After md2report, I run the resulting LaTeX file through pdflatex a couple of times and—voila!—I have a PDF. With this line

md2report report; pdflatex report; pdflatex report

in the Terminal, I can simply tap ↑ and ↩ every once in a while to get a PDF of the report with the latest edits.

Update 12/26/11
The md2report script and its description have been edited to reflect reality. I initially posted an “experimental” version of the script that I had tried out years ago but which never worked right and which I never deleted from my laptop.

PHPMarkdown Extra

When I moved the blog from Movable Type to WordPress several years ago, I needed a Markdown processor written in PHP. The only real choices were PHPMarkdown and PHPMarkdown Extra by Michel Fortin.

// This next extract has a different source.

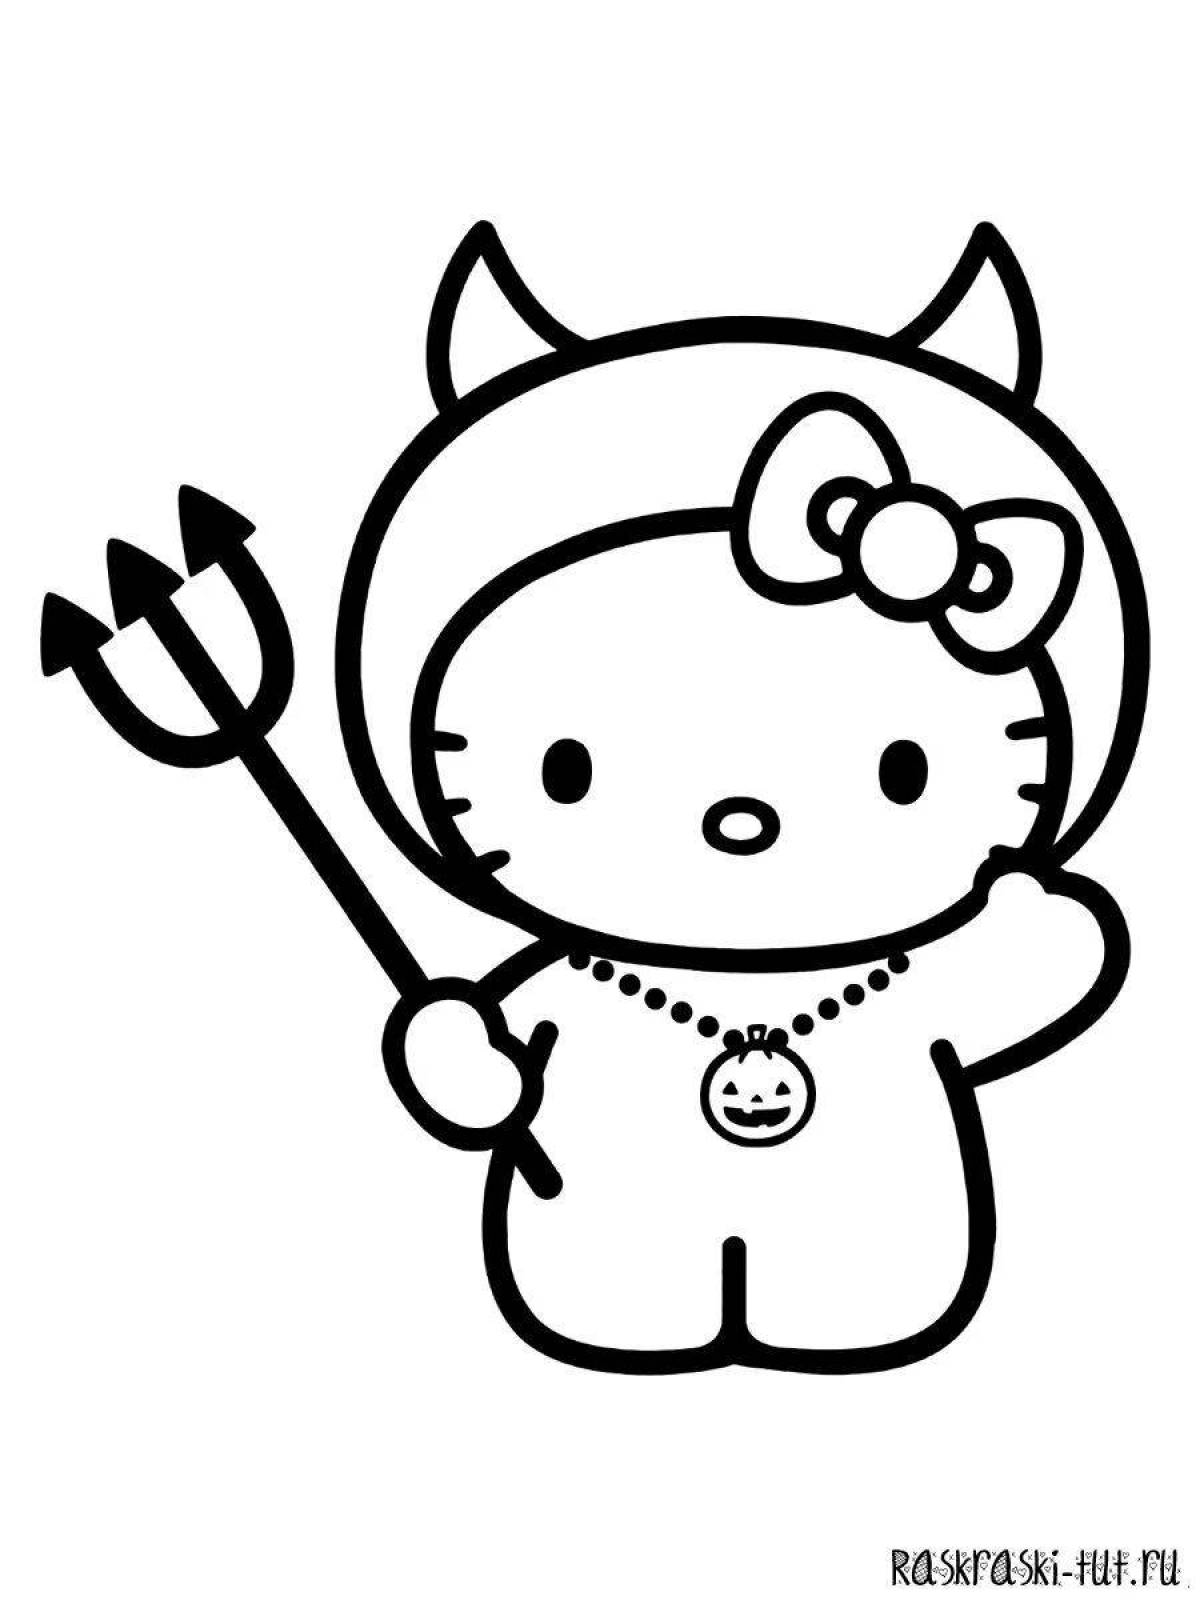 Bright hello kitty evil coloring page

Michel’s done such a good job with them that no one else even tries.

I went with PHPMarkdown Extra because it had table and footnote support, but of course I couldn’t leave well enough alone and had to make my own additions. As with MultiMarkdown, I added the ability to format equations, first with jsMath and then with MathJax. I call the result PHPMarkdown Extra Math (PHPMEM) and have made it available in a GitHub repository.5

PHPMEM is installed as a WordPress plugin on my server, taking the place of Michel’s script. It’s also the processor behind my blog previewing system, a set of scripts and CSS files that render my posts locally in the style of the blog before I publish them on the server.

(And if you’re wondering how I publish the posts, the answer is TextMate’s venerable Blogging Bundle, introduced way back in 2006 and still working like a charm.)

Marked

Brett Terpstra’s Marked is the latest addition to my Markdown menagerie. It watches the Markdown source file as you edit it, converts it to HTML using the processor of your choice (MultiMarkdown by default), and renders the result in its own web view window. It comes with a few premade CSS style files and can also use CSS that you provide. It’s a very flexible system, and I can think of a few scripts I’ve written over the years that I wouldn’t have written if Marked had been available, my blog preview system being the most prominent example.

Today I use Marked to render short documents that aren’t going to be posted to the web and don’t need the elaborate formatting of my engineering reports. My use of Marked is still in its infancy—I’m sure there’ll be more posts about how I use it in the months to come.

The wrapup

I started this series almost a year ago, and as it’s traced my use of text files over the past 15 years we’ve gone through many formats, many scripts, and many processors. If you were to read the whole series in one sitting, it might seem overwhelming and unnecessarily complicated. Certainly some of the things I’ve done over the years were done just because I like to tinker.

But surprising as it may seem, the overarching theme of these 15 years has been to simplify my writing process—both for my reports for clients and for the blog. I’ve gone from word processors to SGML to LaTeX to Markdown, and with each step I’ve been able to spend more time writing and less time formatting. Yes, there’s a lot of machinery working behind the scenes, but the construction of that machinery was done years ago and its maintenance takes up almost no time today. I spend all of my time on the content.


  1. Whenever I hear how clever Jekyll is, I think of Blosxom. 

  2. It might be more accurate to say that Blosxom was a blogging engine supported by Markdown. If you look in Markdown’s source code, you’ll see special cases carved out for both Blosxom and Movable Type. 

  3. The earliest posts you’ll find here are dated August 18, 2005. This is due to a screwup that happened during one blog conversion or another, probably the conversion from Blosxom to Movable Type. 

  4. More recently, I’ve changed to Cervone’s latest equation-handling library, MathJax. The details of the two systems differ, but the fundamentals are the same. 

  5. My fork of MultiMarkdown isn’t available on GitHub because it has company-specific parts that I’ve never stripped out. And now it’s so old compared to MMD 3, I doubt that it’d be useful to anyone but me.